Pride of workmanship
This trait is linked to a willingness and ability to improve without being prodded by audits or inspections. Teams that take evident pride in the products of their work, and the workmanship behind it, tended to end up with more good results. What can an organisation do to support this? They can start by enabling their workers to do what they want and need to do by removing unnecessary constraints and decluttering the bureaucracy surrounding their daily lives.

Making it Go Right

The difference between things going right and going wrong was not in the absence of negatives, like violations. No, the difference was in the presence of positive capacities! Even organisations like NASA are getting around to this insight. “Focusing on the rare cases of failures attributed to ‘human error’ provides little information about why human performance almost always goes right. Similarly, focusing on the lack of safety provides limited information about how to improve safety,” they concluded in a symposium just last year.

If we apply it to our own sport, we might well recognise some or all of these capacities as responsible for why things go right! Because indeed, it is easy to see that much more in gliding goes right than goes wrong. Seeing safety only in relation to a small number of incidents or accidents is important but severely limits how we can learn and improve.

Capacities for Safety

Understanding how success is created is just as important, if not more so. This is why Gliding Australia might see its safety not just as the absence of negative events or the existence of a safety bureaucracy, but much more as the presence of capacities that make things go well—in its organisation, in clubs, in training panels, in individual pilots.
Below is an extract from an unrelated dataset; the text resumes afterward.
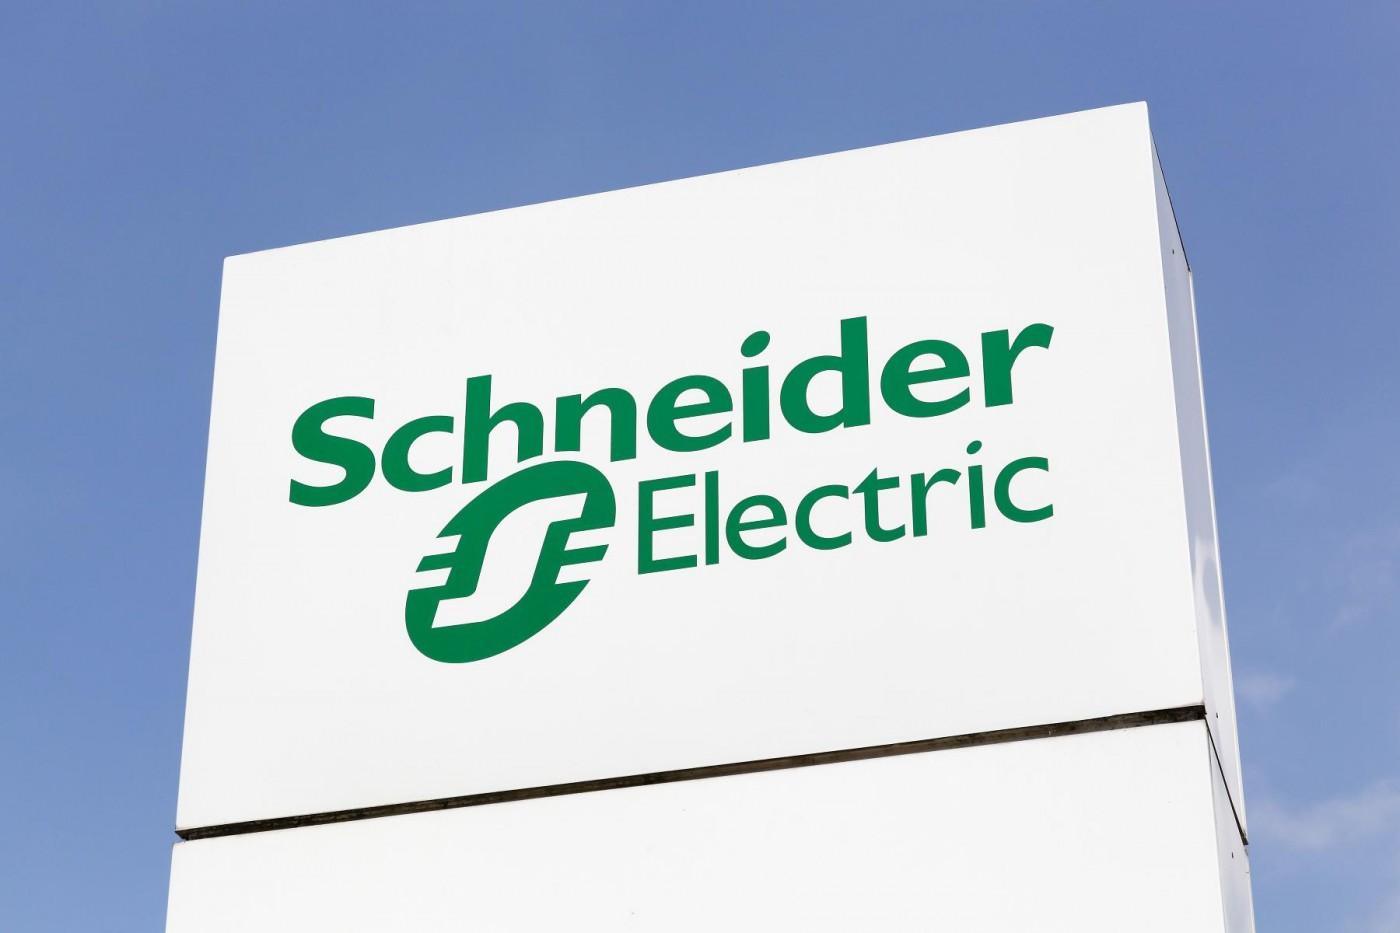 解決半導體缺電隱憂,施耐德打造自動化配電系統

This includes capacity to anticipate the changing face of risk and new harmful influences, for example, airspace changes, demographic shifts, technological developments and airworthiness insights.

Pilots need a capacity to be ready to respond and manage risk in more ways than just writing another rule to plug the hole that was found. Examples might include investing in pilot competencies, sharing accounts in Gliding Australia Magazine and other outlets, and carefully testing new systems such as those for collision avoidance.

A capacity to proactively learn and keep our conversation about risk open and alive is also valuable, not only within clubs, but also through the immediate, non-punitive, expert-based and independent analyses of incidents through the SOAR system;

The capacity to show curiosity, instead of judgment when confronted with non-conformances, helps understand incidents. Why did it seem impossible for this pilot, or this club, to complete the operation and follow the rules at the same time? The capacity to remain curious and open-minded, to withhold judgment and withstand pressure to act immediately, is critical here.

The capacity to respond justly to incidents by asking about the (potential) impacts of the event will reveal the needs that these impacts have created, and how our community shares the obligation to start meeting those needs.

Are these starting points for you and your club to identify some of the capacities that make things go right? If so, how would you enhance those capacities? What can you do to make them even better, more omnipresent, and more resilient? It is also an incomplete list. Perhaps you have found other capacities in your teams, in your people, and in your systems and processes that seem to account for good outcomes. What are they? What can you add?